256 priority levels (a one-byte value) should suffice for RMS

• The system clock abstraction is composed of

- A HW part decremented by one unit at every clock pulse, as determined by the clock rate
  - A *periodic-counting register*, automatically reset to a default *tick size* when it reaches the *triggering edge* (0), and trips the *clock tick*
- □ A SW part incremented by SW at the clock tick
  - The system clock effectively counts clock ticks
- □ A queue of time events, fired and not serviced
  - Pending until they are serviced
- □ A handler of clock-tick interrupts
  - Which increments the clock-tick counter and, every N > 0 occurrences, also services the pending time events

- The frequency of the clock tick determines the *resolution* (granularity) of the system clock
  - □ It should be an integer divisor of the tick size so that the RTOS may service time events at *exactly* every  $N \in INT$  clock ticks
- Clock-tick interrupts maintain the system clock
  - □ More frequent, tolerable overhead
- One such interrupt in N handles scheduling events
   Less frequent, high overhead

• The clock resolution is an important design parameter

- The finer the resolution the better the clock accuracy, at the cost of a higher interrupt overhead
- There must be a sound balance between the clock accuracy needed by the application and the clock resolution that can be afforded by the system
  - □ Latency is intrinsic in any query to read the clock
  - The ORK runtime for the Leon microprocessor takes 493 clock cycles to read the clock (<u>www.dit.upm.es/~ork/</u>)
    - (*a*) 40 MHz, 500 clock cycles correspond to 12.5  $\mu$ sec
- The clock resolution cannot be finer-grained than the worst-case latency incurred reading the clock (!)

- Beside periodic clocks, if the processor allows, the RTOS may also support *one-shot* (aka interval) *timers* 
  - □ They operate in a programmed (non-repetitive) way so that time events suffer *no* latency from resolution problems
  - The RTOS scans the queue of the programmed time events to set the next interrupt alarm due from the interval timer

#### Interval timers are costly

- They have to be written by SW and the value to set depends on the time events pending in the queue
- Their resolution is limited by the time overhead of its handling by the RTOS: 7,061 clock cycles in ORK for Leon

- The accuracy of a *time event* is the delta between when the time set and when the event triggers
- It depends on three fundamental factors
  - The frequency at which the time-event queues are inspected
    - Without interval timer, it would be at every *N* clock ticks
    - With interval timer, it would be at every interval expiry
  - □ The policy used to service the time-event queues
    - Expiry-based, LIFO, FIFO
  - □ The time overhead cost of handling the event queue

The release time of periodic tasks is naturally exposed to jitter (!)

#### The scheduler /1

- This is a distinct part of the RTOS that does *not* execute in response to explicit application invocations
  - Except when using cooperative scheduling
- The scheduler acts when the ready queue changes
   The corresponding time events are termed *dispatching points*
- When the MoC is defined *outside* of the programming language, the scheduler "activation" is periodic in response to clock interrupts
  - □ The poor RTOS has no other way to know when to schedule!

#### The scheduler /2

If execution-time-based scheduling (e.g.
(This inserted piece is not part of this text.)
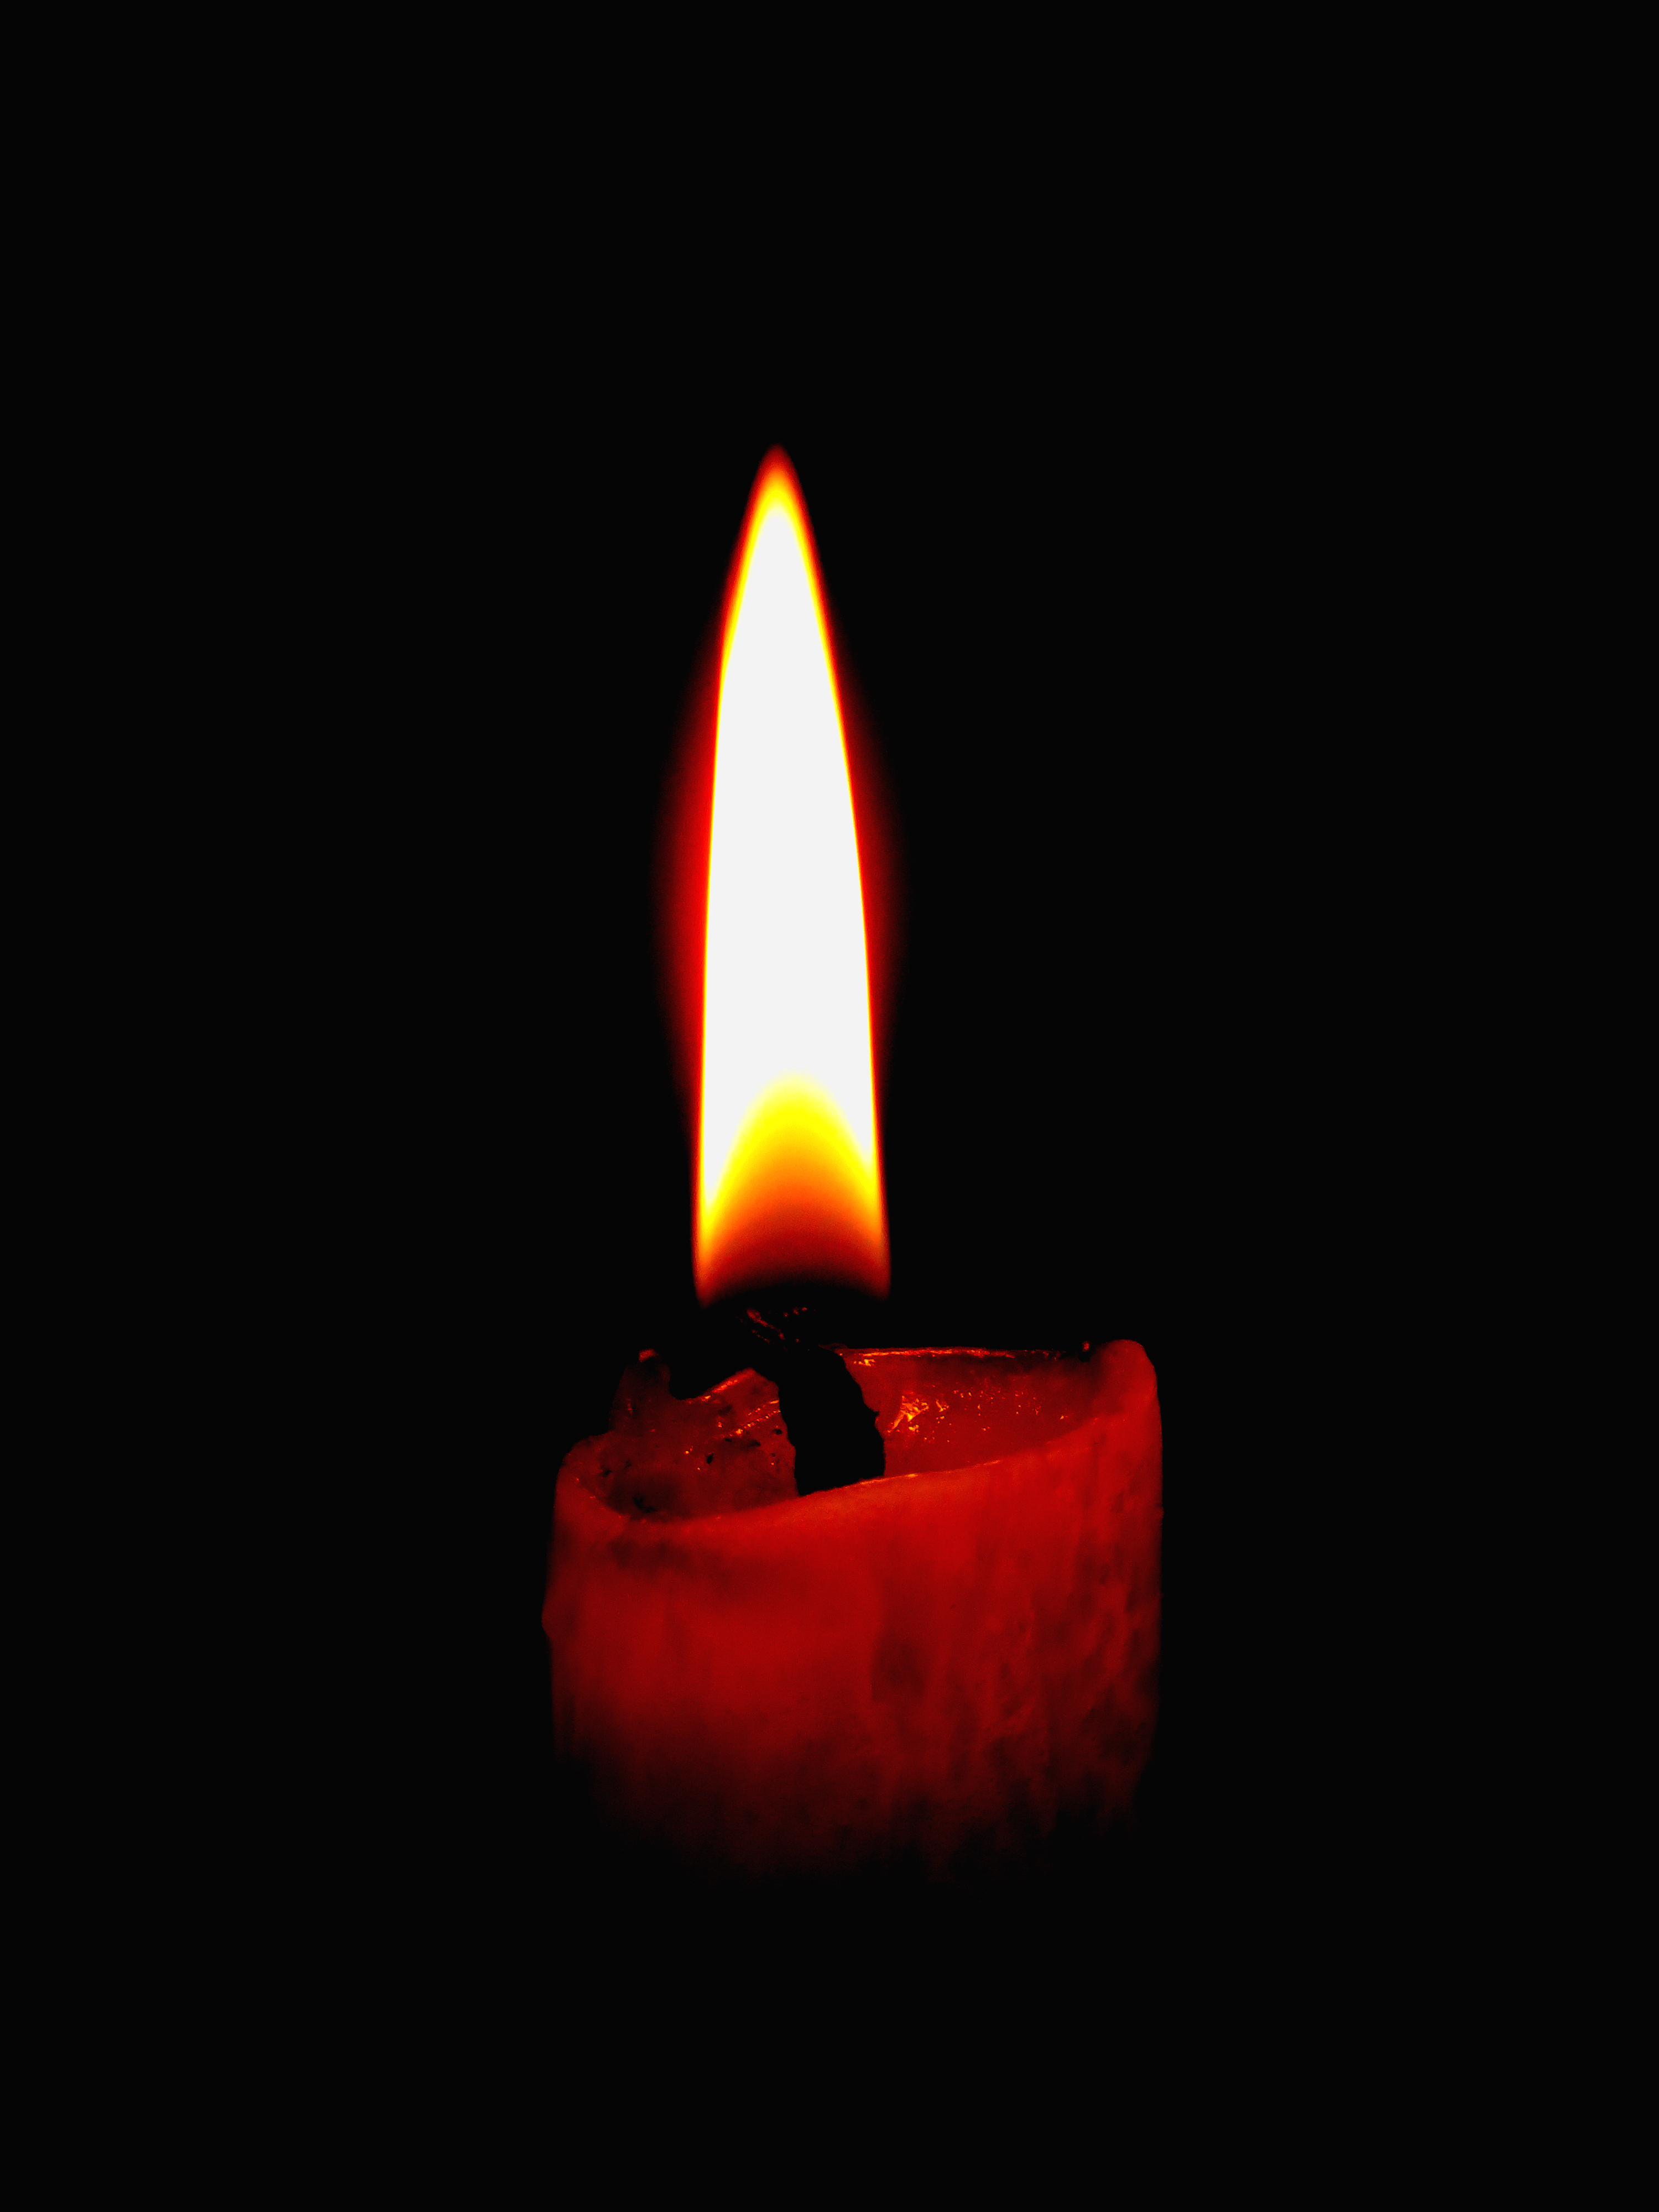 wax, red, dark, flame, dark background, candle, wick for android

LLF) is used

- The scheduler must increment the execution-time budget counter of the running job at every clock interrupt
- Possibly service the queue of time-based events pending
- Possibly attend to the ready queue
- GPOS have a tick size in the region of 10 ms
  - □ This is *much too coarse-grained* for RTOS, but too high frequency incurs excessive overhead
- The scheduler should support event-driven execution with *minimum latency*

#### Tick scheduling /1

- The tick scheduler may acknowledge a job's release time up to one clock tick *later* than it arrived
  - □ This delay has negative impact on the job's response time
  - We must assume a logical place where jobs in the "release time arrived but not yet acknowledged" state are held
- The time and space overhead of transferring jobs from that logical place to the ready queue is not null
  - It must be accounted for in the schedulability test along with the overhead of handling clock interrupts

#### Example

$$(\varphi_i, p_i, e_i, D_i)$$

 $T = \{\tau_1 = \{0, 1, 4, 1, 4\}, \tau_2 = \{0, 1, 5, 1, 8, 5\}, \tau_3 = \{0, 20, 5, 20\}\}$  $\tau_3$  with a first no-preemption section of duration 1.1 time units With RTA and event-driven scheduling,  $R_1 = 2.1$ ,  $R_2 = 3.9$ ,  $R_3 = 14.4$  (OK) What with tick scheduling, clock period 1 and time overhead  $0.05 + (0.06 \times n)$  per tick handling and queue movement? 1-tick delay Release  $( au_1, au_2)$  $(\tau_1)$  $(\tau_2)$  $(\tau_3)$ at tick  $\tau_1$ yield  $\tau_2$ Deadline miss  $\tau_3$ 3 5 2 4 6 0 1

## Tick scheduling /2

• The effect of tick scheduling is captured in RTA for job  $J_i$  by

- □ Introducing a notional task  $\tau_0 = (p_0, e_0)$  with highest priority, to account for the  $e_0$  cost of handling clock interrupts with period  $p_0$
- For every job  $J_k : \pi_k \ge \pi_i$ , adding to  $e_k$  the time overhead  $m_0$  due to moving  $J_k$  to the ready queue
  - $(K_k + 1)$  times for the  $K_k$  times that job  $J_k$  may self suspend
- For every job  $J_l: \pi_l < \pi_i$ , introducing a distinct notional task  $\tau_{\gamma} = (p_l, m_0)$  to account for the time cost of moving  $J_l$  to the ready queue
- Computing  $B_i(np)$  as function of  $p_0$ :  $J_i$  may suffer up to  $p_0$  units of delay after becoming ready even without not-preemptive execution
  - $B_i(np) = (\left[max_k(\frac{\theta_k}{p_0})\right] + 1)p_0$  before including non-preemption
  - Where  $\theta_k$  is the maximum time of non-preemptive execution by any job  $J_k$

# I/O subsystems

- When the I/O subsystem is an *active* resource (in the taxonomy seen in §1), it would need its own scheduler
- Methods to serve I/O access requests may employ
  - □ Run-to-completion non-preemptive FIFO semantics
  - Non-preemptive time-division (quantized) schemes
  - □ Priority-driven scheduling as seen for CPU scheduling

- HW interrupts are the most efficient manner for the processor to notify the application about the occurrence of external events that need attention
  - E.g., *asynchronous* completion of I/O operations delegated to external units like DMA (direct memory access)
- Frequency and load of the interrupt handling service vary with the source of the interrupt

- For better efficiency, the interrupt handling service is subdivided in an *immediate* part and a *deferred* part
  - The immediate part executes at the level of interrupt priorities, above all SW priorities
  - □ The deferred part executes as a normal SW activity
- The RTOS must allow the application to tell which code to associate to either part
  - Interrupt service can also have a *device-independent* part and a *device-specific* part

- When the HW interface asserts an interrupt, the processor saves state registers (e.g., PC, PSW) in the interrupt stack and jumps to the address of the needed *interrupt service routine* (ISR)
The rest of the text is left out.